— Aim of the exercise —
Transcribe the data below verbatim from the line with "Wonder Wild Case" to the line with "Oran'ge Rib Beanie". Include both of those lines.

— Data records —
——

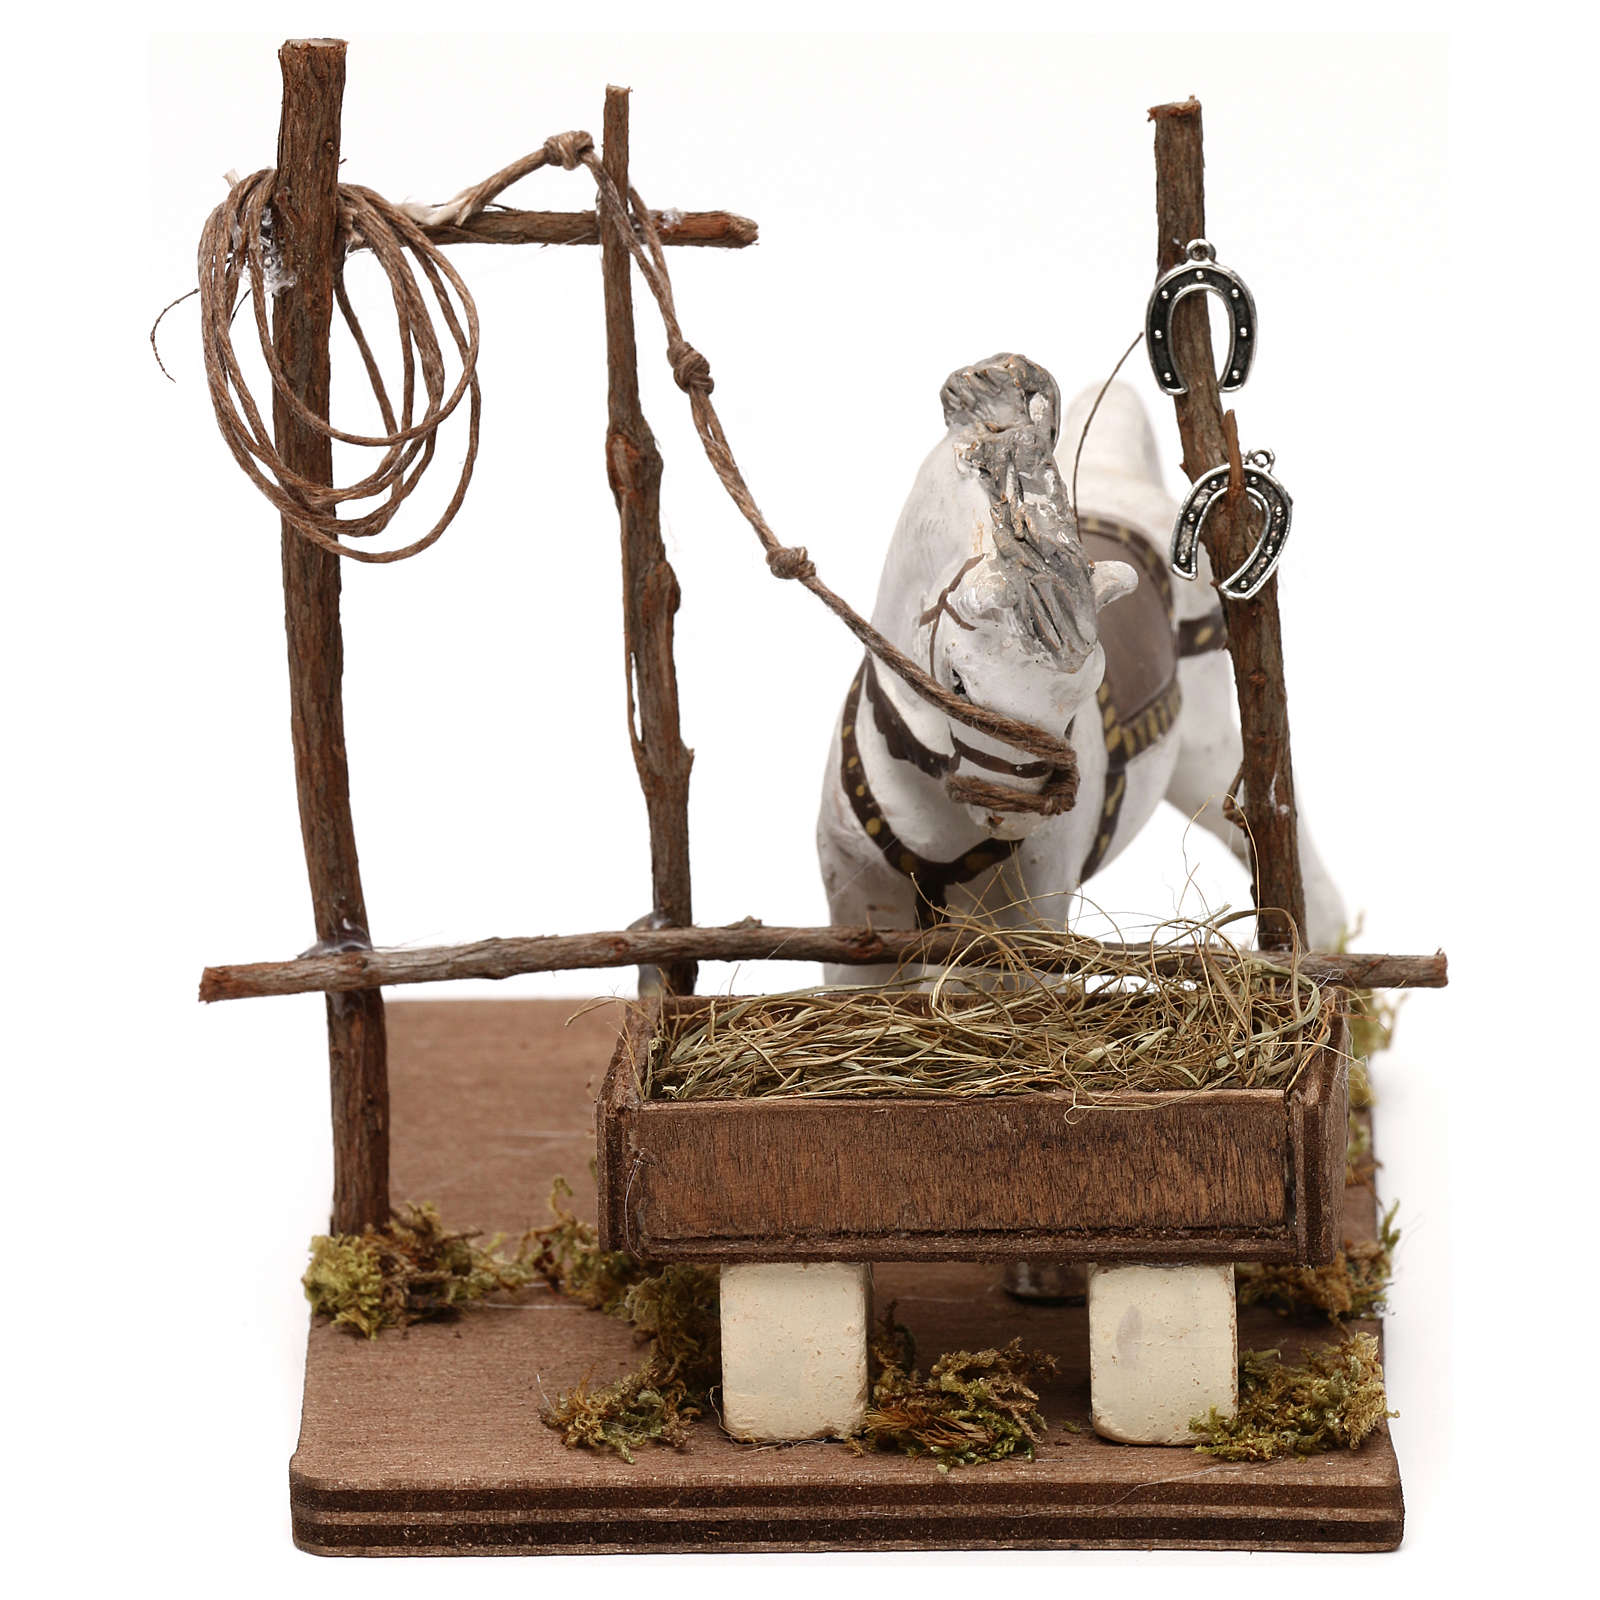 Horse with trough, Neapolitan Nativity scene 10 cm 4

——

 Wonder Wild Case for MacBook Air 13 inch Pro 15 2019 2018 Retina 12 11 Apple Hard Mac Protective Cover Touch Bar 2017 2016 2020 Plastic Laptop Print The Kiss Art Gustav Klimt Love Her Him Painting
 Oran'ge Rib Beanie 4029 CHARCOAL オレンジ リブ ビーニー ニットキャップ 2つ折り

——

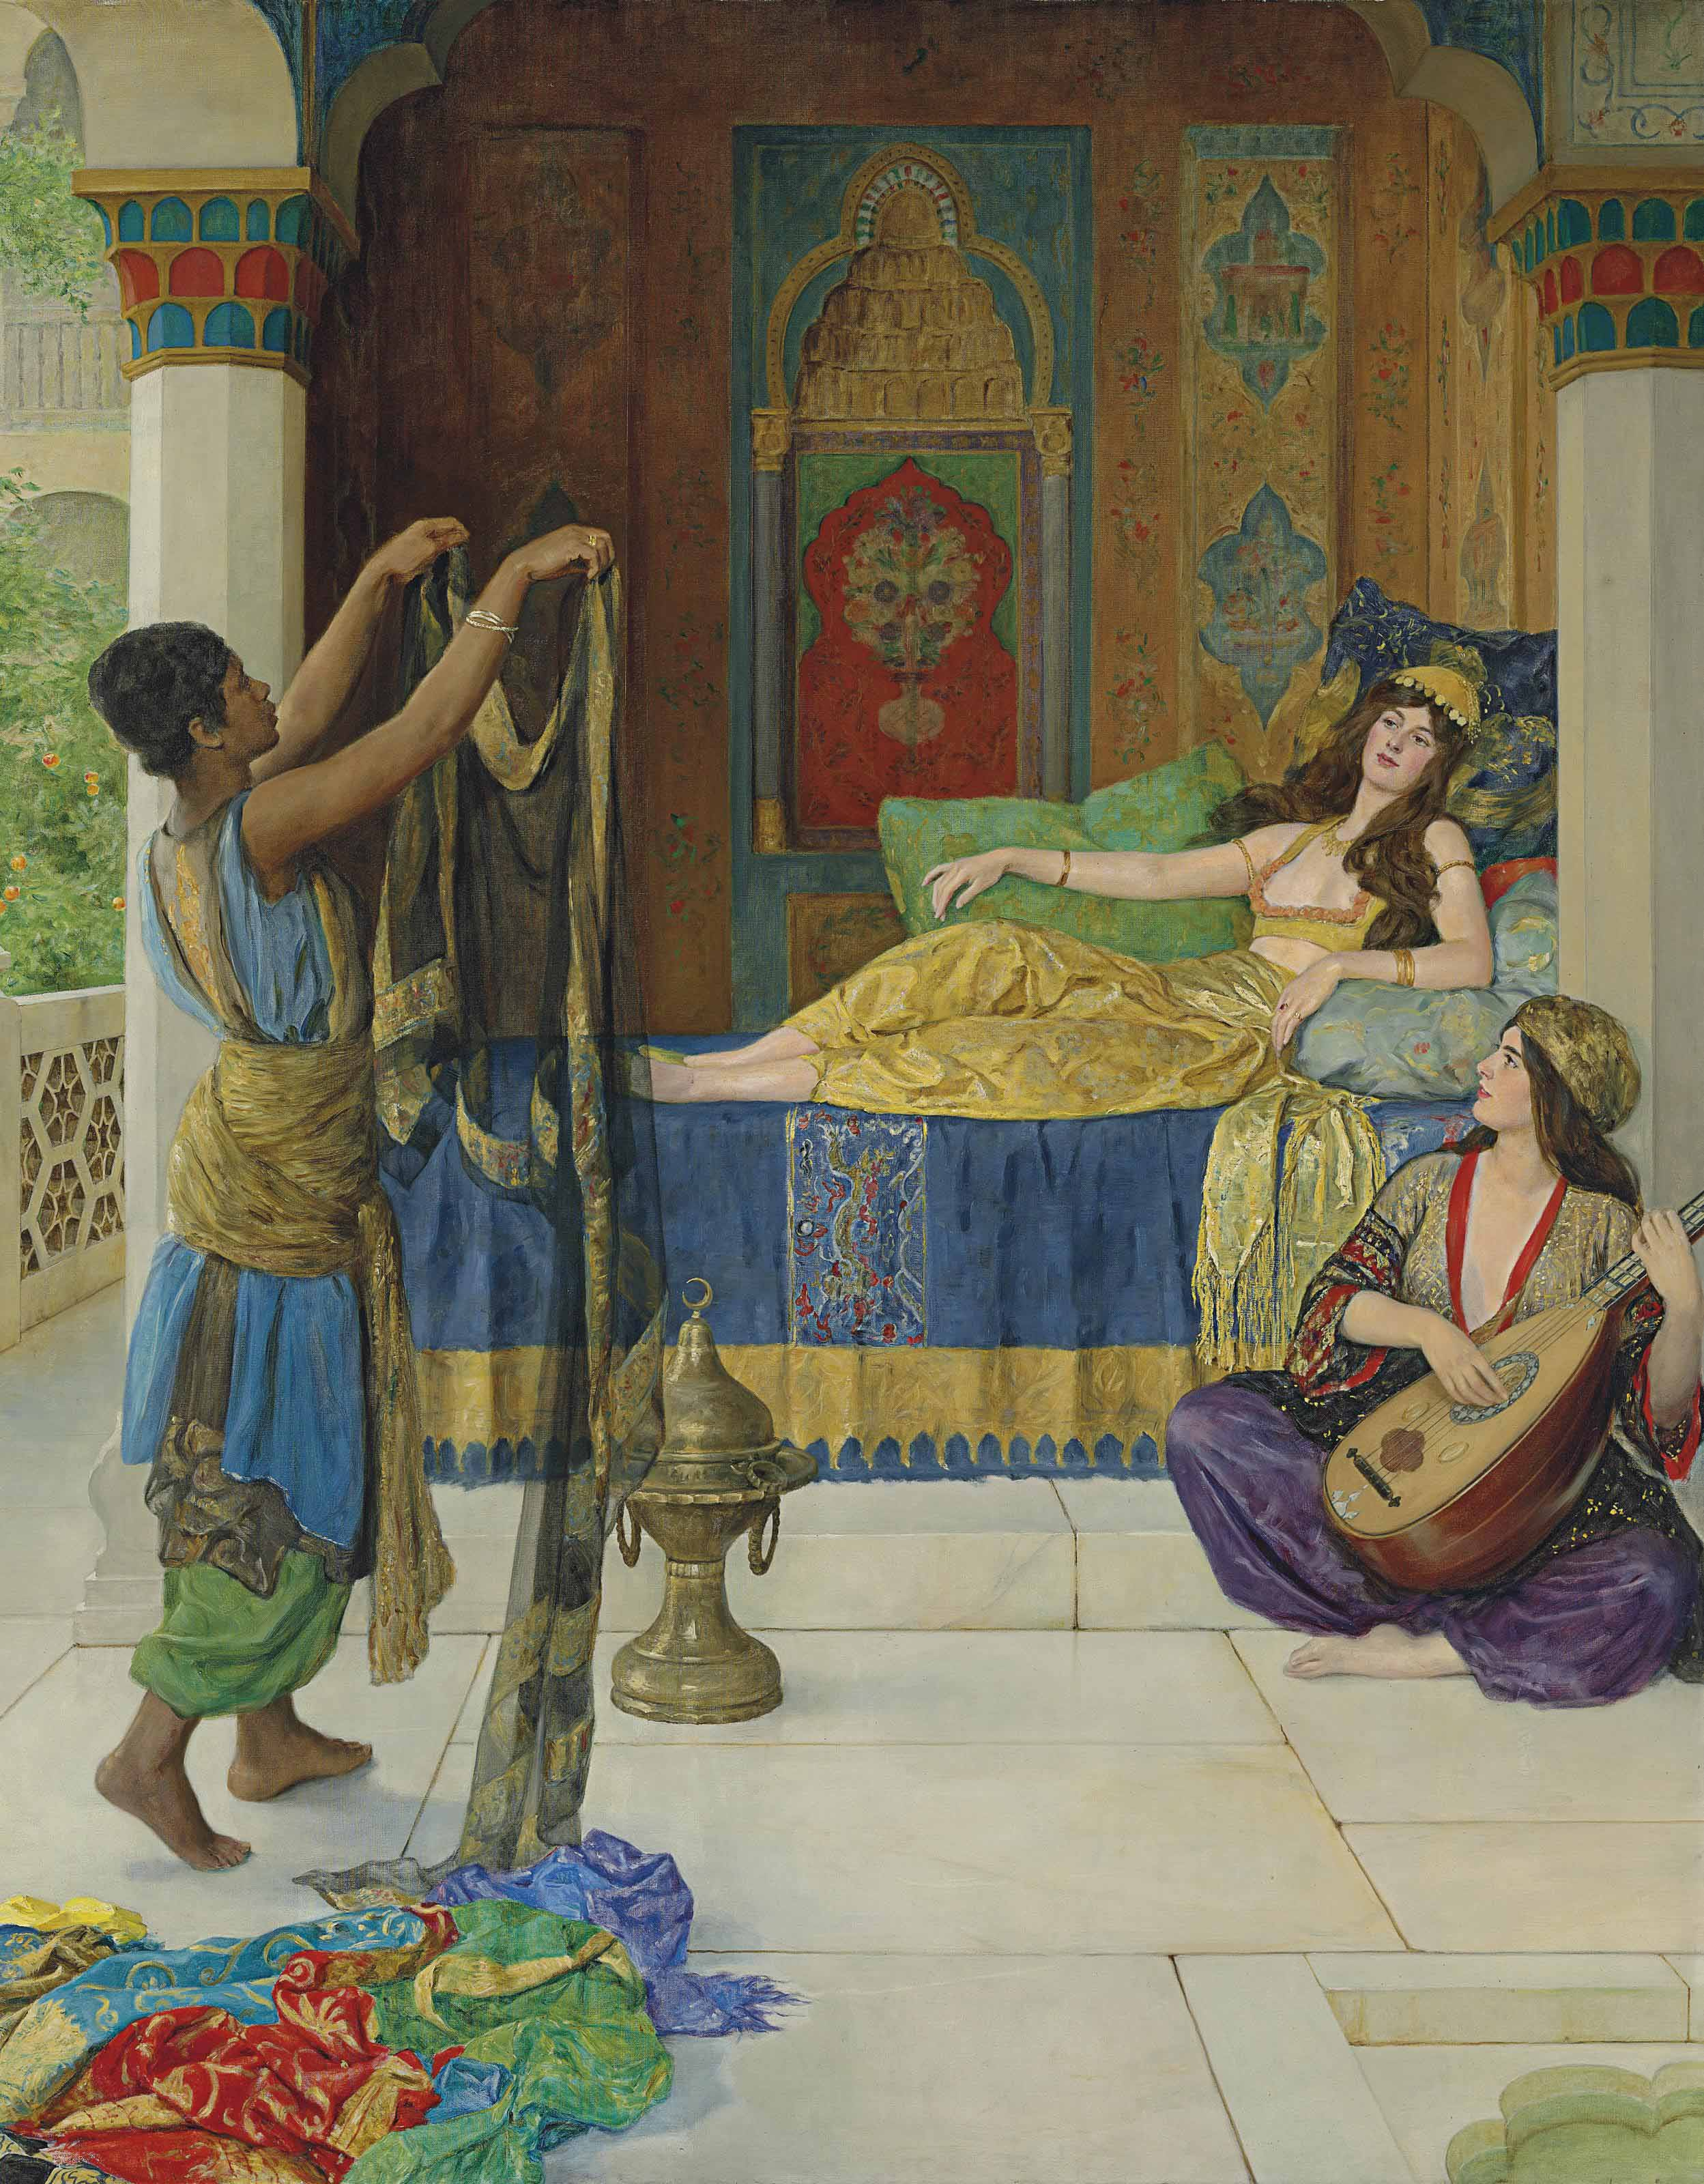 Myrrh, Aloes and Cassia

——

— Final answer —
 Wonder Wild Case for MacBook Air 13 inch Pro 15 2019 2018 Retina 12 11 Apple Hard Mac Protective Cover Touch Bar 2017 2016 2020 Plastic Laptop Print The Kiss Art Gustav Klimt Love Her Him Painting
 Oran'ge Rib Beanie 4029 CHARCOAL オレンジ リブ ビーニー ニットキャップ 2つ折り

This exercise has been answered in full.